[EXERCISE INPUT]

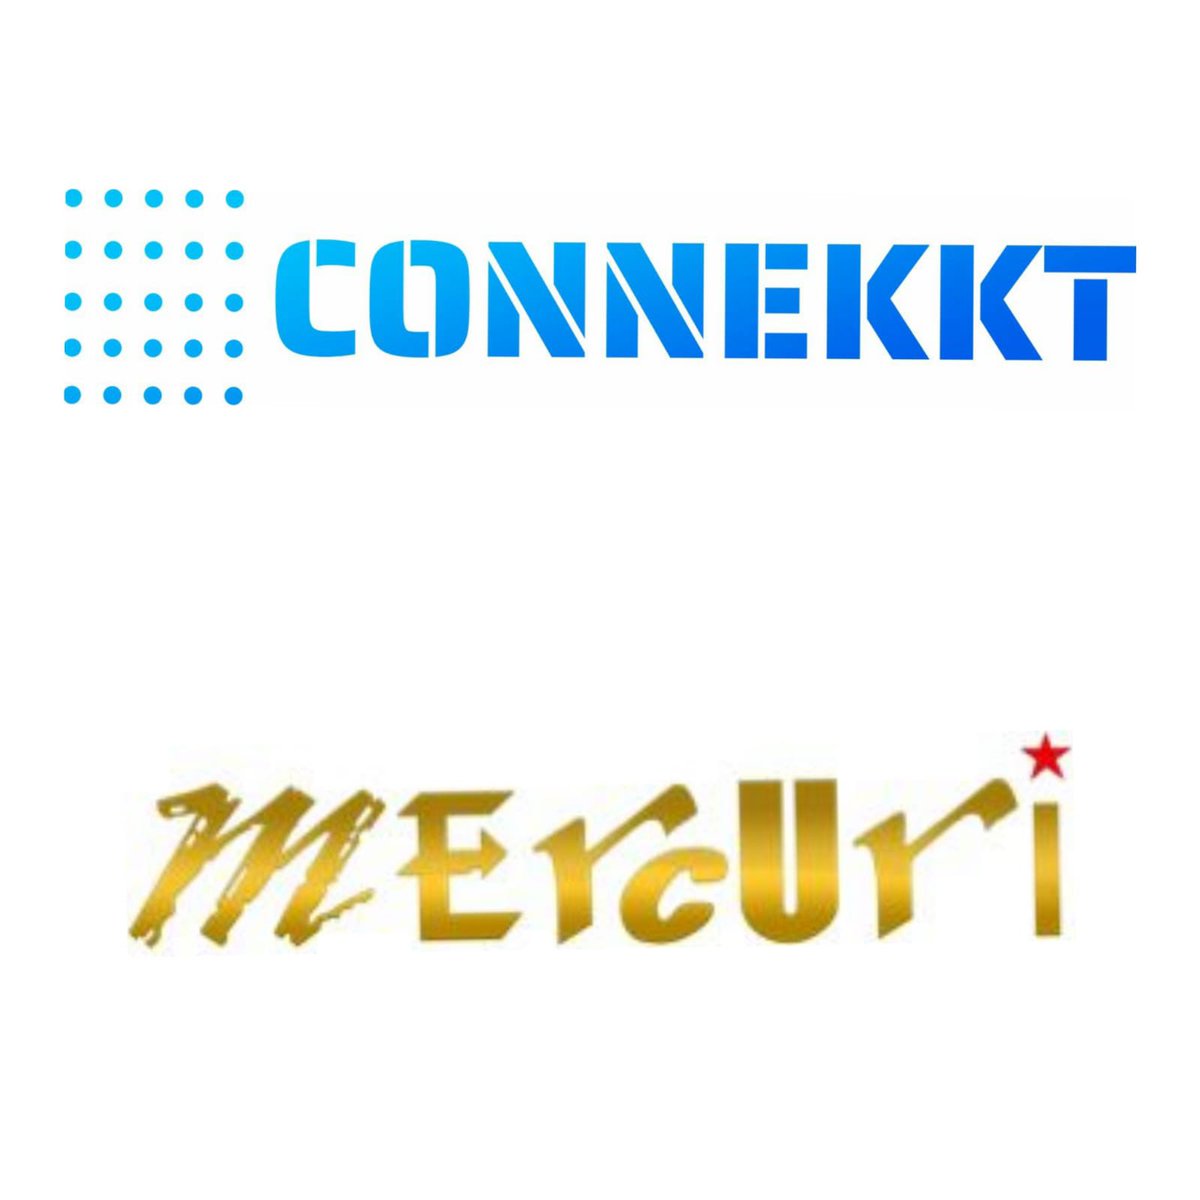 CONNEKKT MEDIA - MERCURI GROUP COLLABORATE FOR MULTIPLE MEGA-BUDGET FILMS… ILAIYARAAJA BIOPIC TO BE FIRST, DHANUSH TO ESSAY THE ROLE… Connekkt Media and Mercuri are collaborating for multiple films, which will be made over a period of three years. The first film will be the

[/EXERCISE INPUT]
[EXERCISE INPUT]

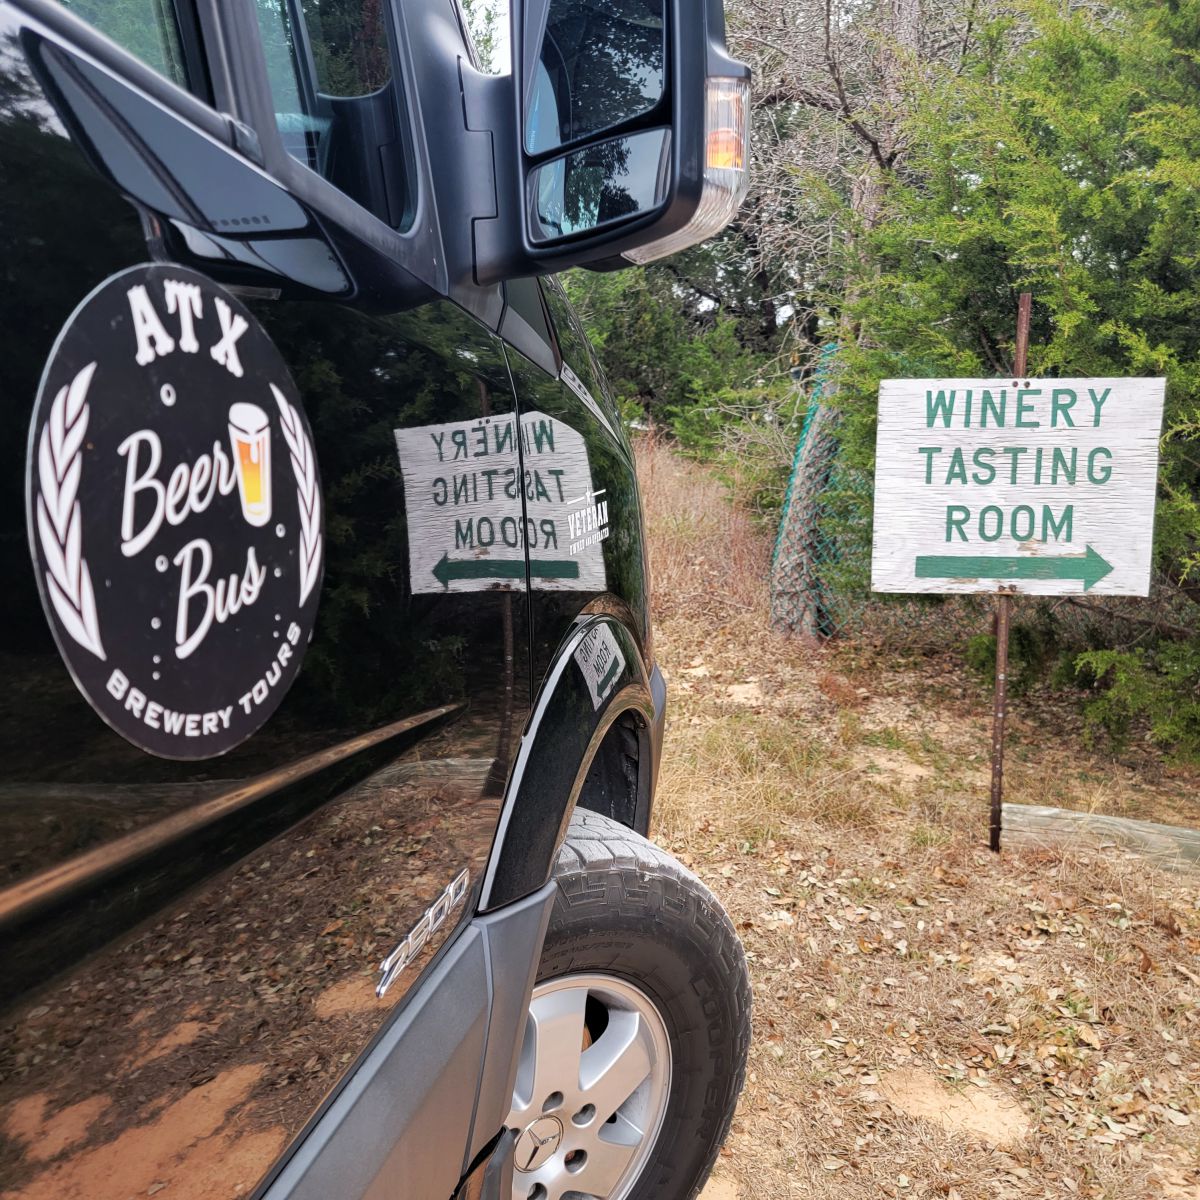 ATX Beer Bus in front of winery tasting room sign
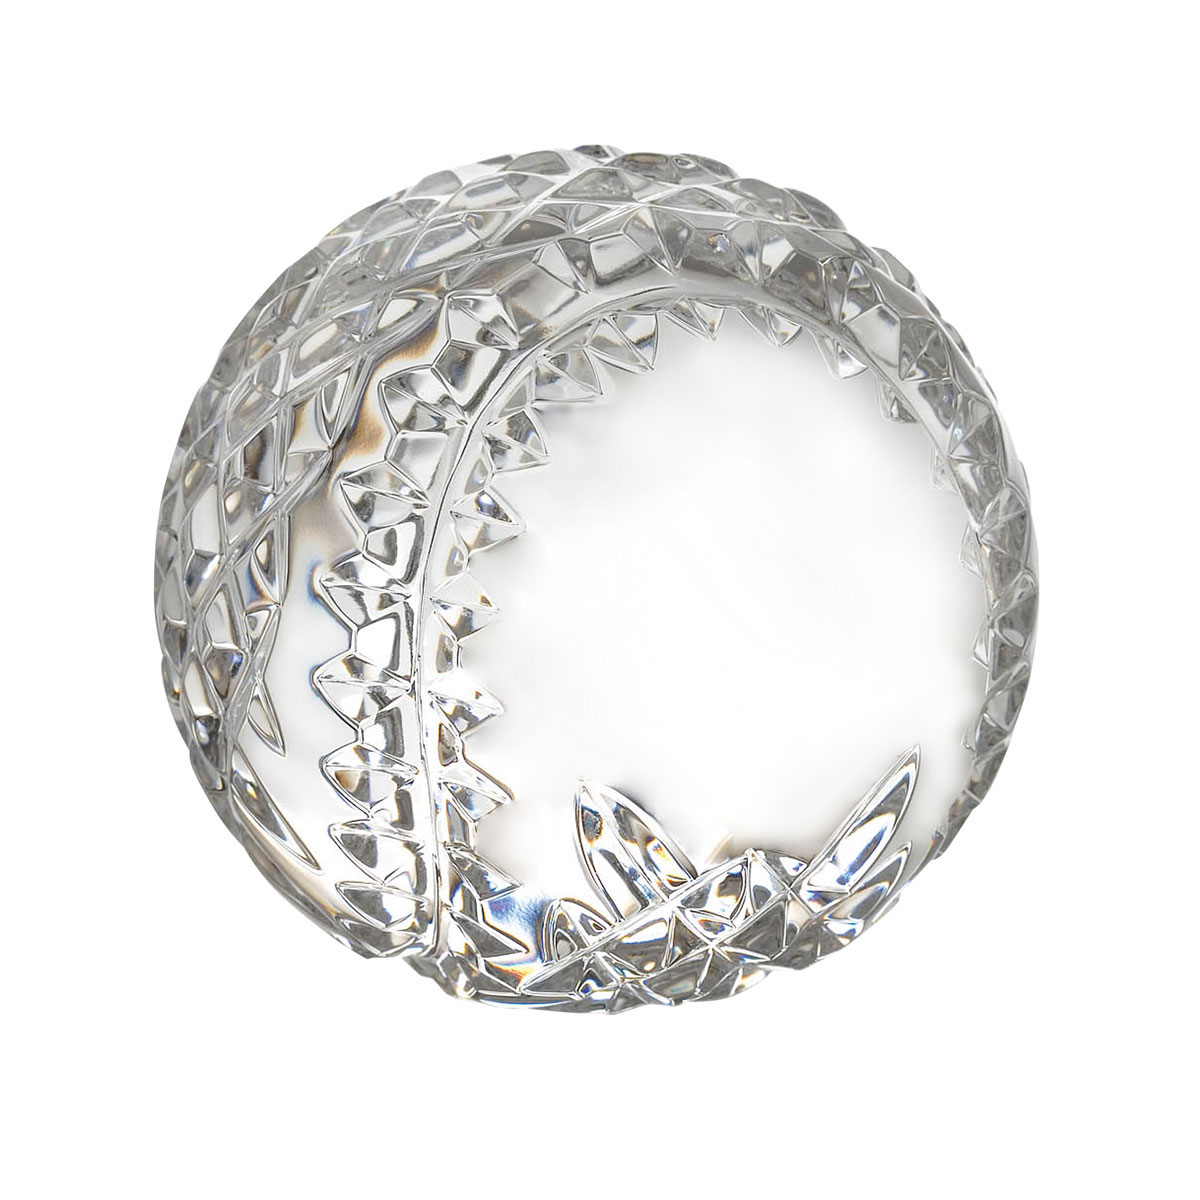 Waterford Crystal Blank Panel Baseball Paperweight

[/EXERCISE INPUT]
[EXERCISE INPUT]

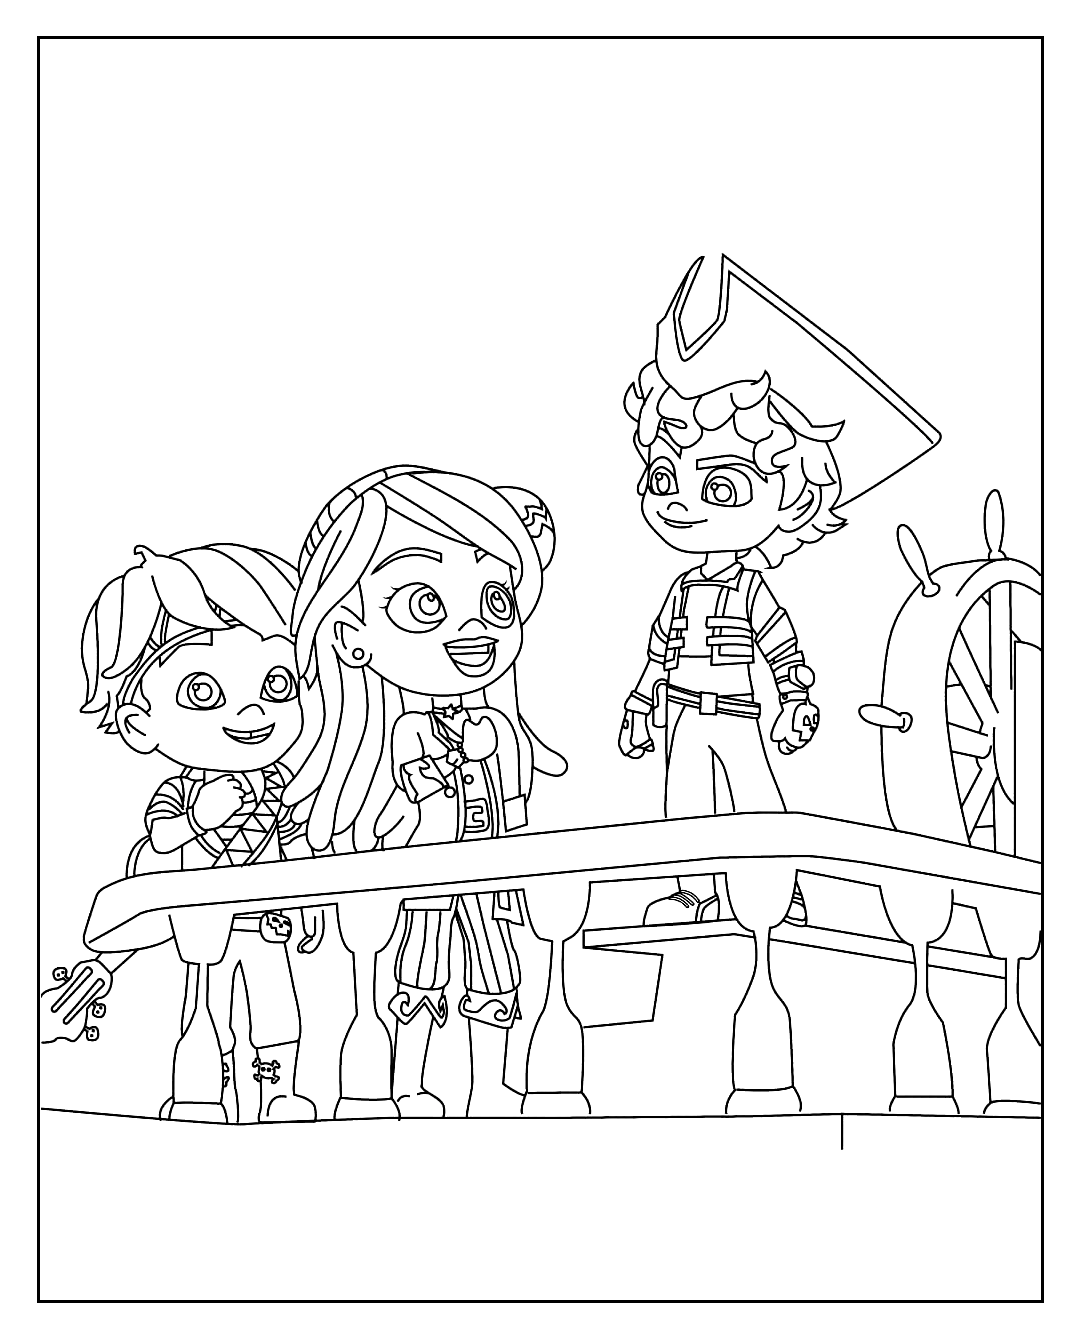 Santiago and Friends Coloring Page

[/EXERCISE INPUT]

* _ACTIVITY_: Your answer must be everything above from the line with "ATX Beer Bus" down to the line with "Waterford Crystal Blank", word for word, and no pictures.

* _WRITTEN SOLUTION_:
 ATX Beer Bus in front of winery tasting room sign
 Waterford Crystal Blank Panel Baseball Paperweight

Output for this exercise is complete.